ATU identification is of fundamental importance for understanding the transcriptional regulatory mechanisms of bacteria, and these dynamic structures have been demonstrated to be associated with human diseases (9–12). For example, Bhat et al. studied the alr-groEL1 operon, which is essential for the survival or virulence of M. tuberculosis (9, 11), the causative agent of tuberculosis (TB), and found that the regulation of the sub-operon is distinct from the main operon (alr-groEL1 operon) under stress, especially during heat shock, pH, and SDS stresses (9). Another example is Helicobacter pylori, a gastric pathogen that is the primary known risk factor for gastric cancer (12). Sharma et al. found an acid-induced sub-operon cag22-18 transcribed from the primary cag25-18 operon in the cag pathogenicity island of the H. pylori genome under acid stress (10). The mechanism of the complex ATU structure in these pathogenic bacteria can help us to study the emergence of human diseases caused by bacterial organisms.
Several newly developed techniques have provided a comprehensive view of the E. coli transcriptome by identifying full-length primary transcripts (13–17).
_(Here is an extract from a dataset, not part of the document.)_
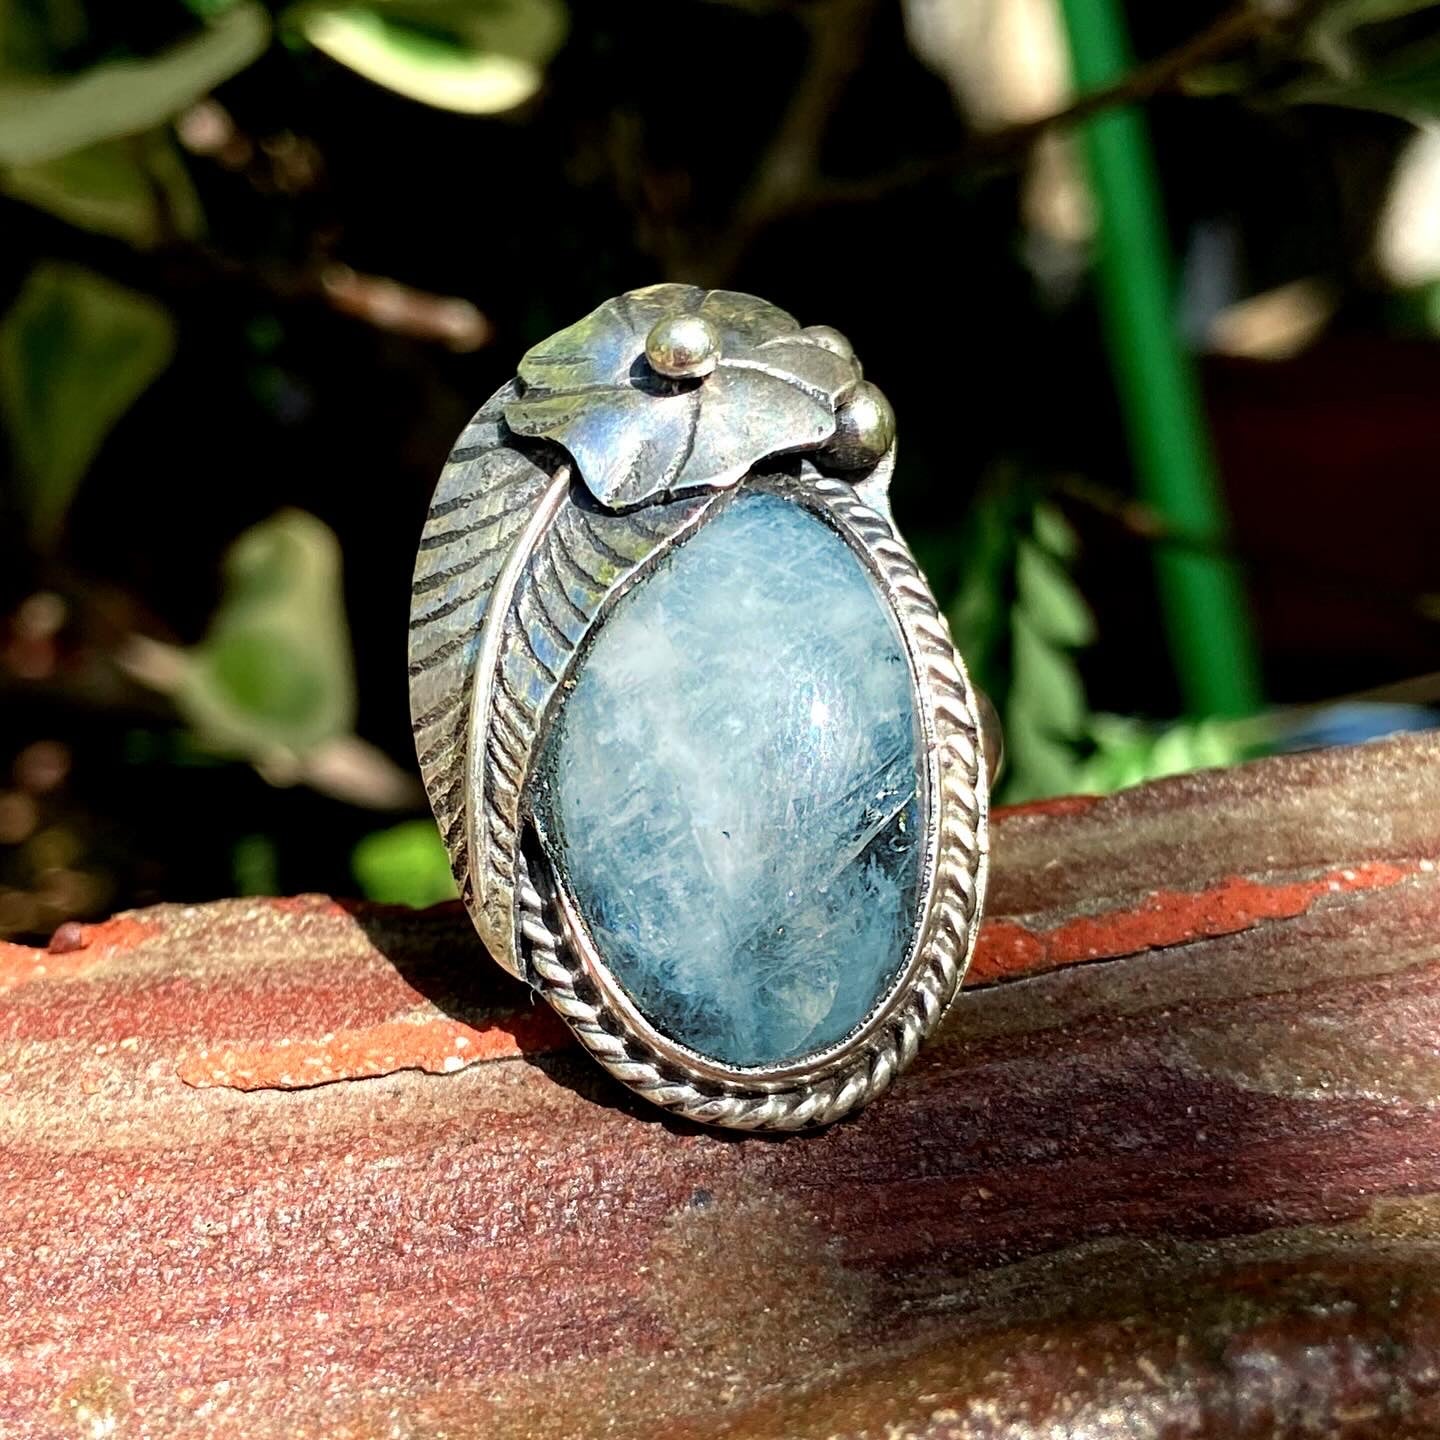 Handmade Sterling Silver925 ring with a rainbow moonstone

For example, SMRT-Cappable-seq (6) combines the isolation of the full-length bacterial primary transcriptome with PacBio SMRT (Single Molecule, Real-Time) sequencing (6), and simultaneous 5’ and 3’ end sequencing (SEnd-seq) (7) captures both transcription start sites (TSSs) and transcription termination sites (TTSs) via circularization of transcripts (17). Despite the great progress in experimental techniques, there are still some deficiencies. On the one hand, the read depth and error rate of the third-generation sequencing used in SMRT-Cappable-seq have an impact on ATU prediction compared with Illumina-based RNA-Seq (7, 18). On the other hand, the time-consuming, laborious, and costly properties of these experimental techniques make them unrealistic to be generally applicable to ATU predictions in bacteria under specific conditions. Thus, novel and robust computational methods for ATU identification in bacterial genomes based on RNA-Seq are urgently needed.
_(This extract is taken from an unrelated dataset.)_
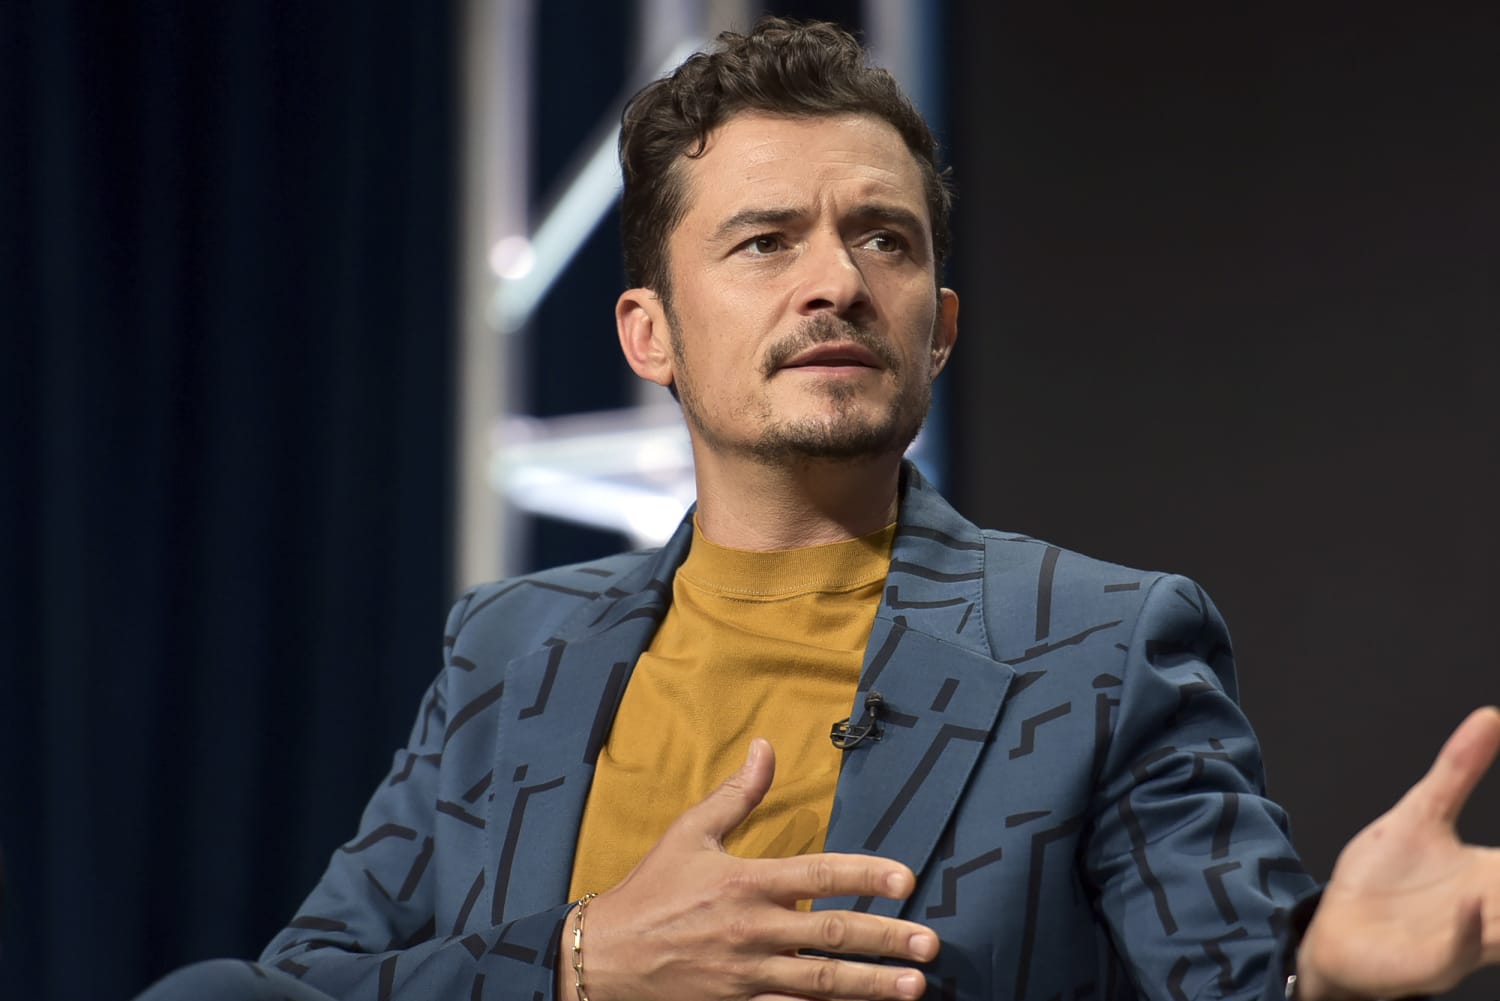 The rise and fall of Orlando Bloom: The actor destined to reign in  Hollywood who got sick of seeing himself on screen, Culture

Fortunately, many computational studies have been carried out to predict ATUs in bacteria, which have provided some preliminary studies for ATU prediction. Several public databases, such as RegulonDB (19), DBTBS(20), MicrobesOnline (21), DOOR (22, 23), OperomeDB (24), DMINDA 2.0 (25), and ProOpDB (26), provide various levels of operon information and small amounts of ATU information. However, these databases cannot provide genome-scale ATU information under specific conditions. Some computational studies, including Rockhopper (27), SeqTU (4, 28), BAC-BROWSER(29), rSeqTU (5), and Operon-mapper (30), utilize machine learning and model integration methods based on genomic information and gene expression profiles to identify bacterial transcription architecture. However, these works still cannot solve the dynamic patterns and overlapping nature of ATUs.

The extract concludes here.